In total, 107 (19%) severe cases were identified. The median age did not differ between the severe (8 months [IQR: 3–12 months]) and non-severe cases (8 months, [IQR: 4–16 months]) (P = 0.39). The rate of cases that did not receive any routine immunisation was higher in the severe (22%) than in the non-severe cases (10%) (P = 0.01). A single virus was detected in 58 (54%) patients with severe cases, with RSV B (34%) and hRV (33%) being the most common. Among the severe cases, 20/107 (19%) died during hospitalisation, while there were only 8/463 (2%) mortalities in the non-severe cases (P < 0.001).

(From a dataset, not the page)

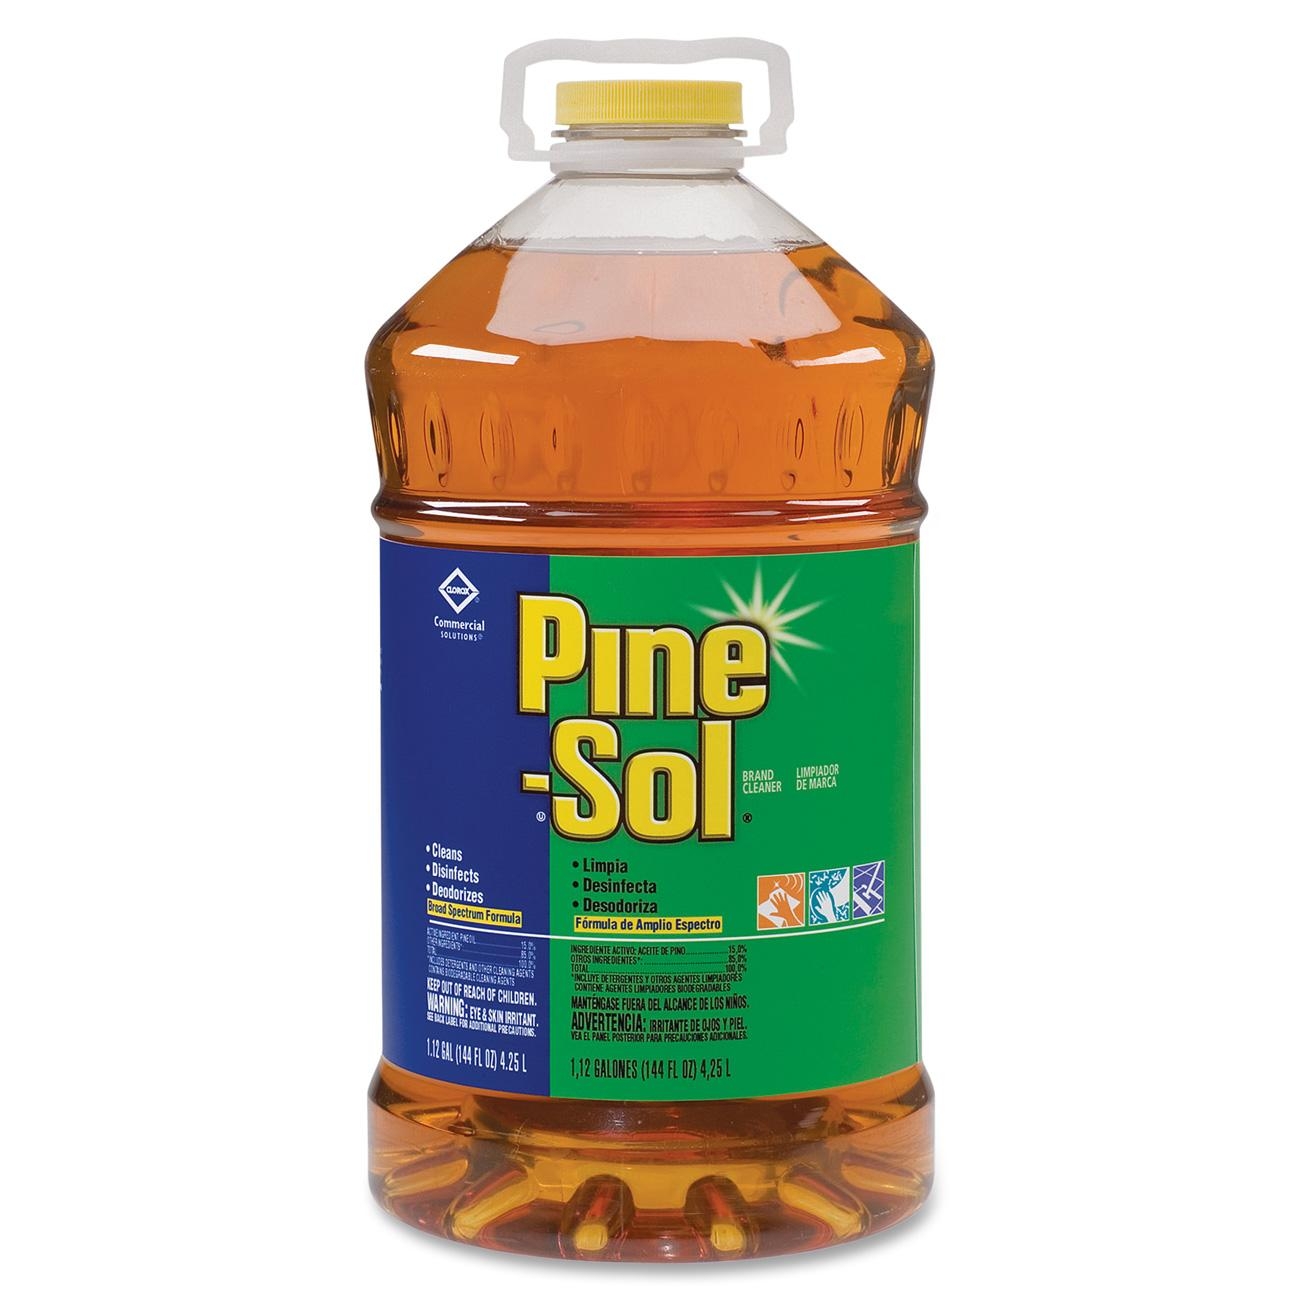 pine-sol-original-delta-distributing

In total, 28 patients (4.9%) died. The median age did not differ between the fatal (7 months, IQR: 3–21 months) and non-fatal cases (8 months, IQR: 4–15 months) (P = 0.88). Stunting (39% [11/28] vs 23% [127/542], P = 0.056) and lack of immunisation (32% [9/28] vs 12% [63/542], P = 0.050) were more frequently observed in the fatal cases than in non-fatal cases.

Significant differences were observed in all the vital signs on admission between the fatal and non-fatal cases. Compared to the non-fatal cases, the fatal cases had a higher heart rate (160 bpm [IQR: 140–168 bpm] vs 140 bpm [IQR: 120–152 bpm], P = 0.001), body temperature (38.7 °C [IQR: 37.8–39.0 °C] vs 37.7 °C [IQR: 37.0–38.3 °C], P < 0.001), respiratory rate (69 bpm [IQR: 62–78 bpm], vs 60 bpm [IQR: 48–64 bpm], P < 0.001), and lower SpO₂ (92% [IQR: 80–98%)] vs 96% [IQR: 94–98%], P = 0.024).

On physical examination, the following were more frequently observed in the fatal cases than in the non-fatal cases: coarse crackles (93% vs 49%, P < 0.001), wheezing (61% vs 36%, P = 0.008), grunting (75% vs 20%, P < 0.001), cyanosis (71% vs 8%, P < 0.001), and prolonged capillary refilling time ≥ 3 s (11 [39%] vs 39 [7%], P < 0.001).

In 25/28 (89%) fatal cases, at least one virus was detected: one virus (n = 20, 71%), two viruses (n = 2, 7%), and three viruses (n = 3, 11%). Influenza A (29%) and RSV B (21%) were the most commonly detected viruses.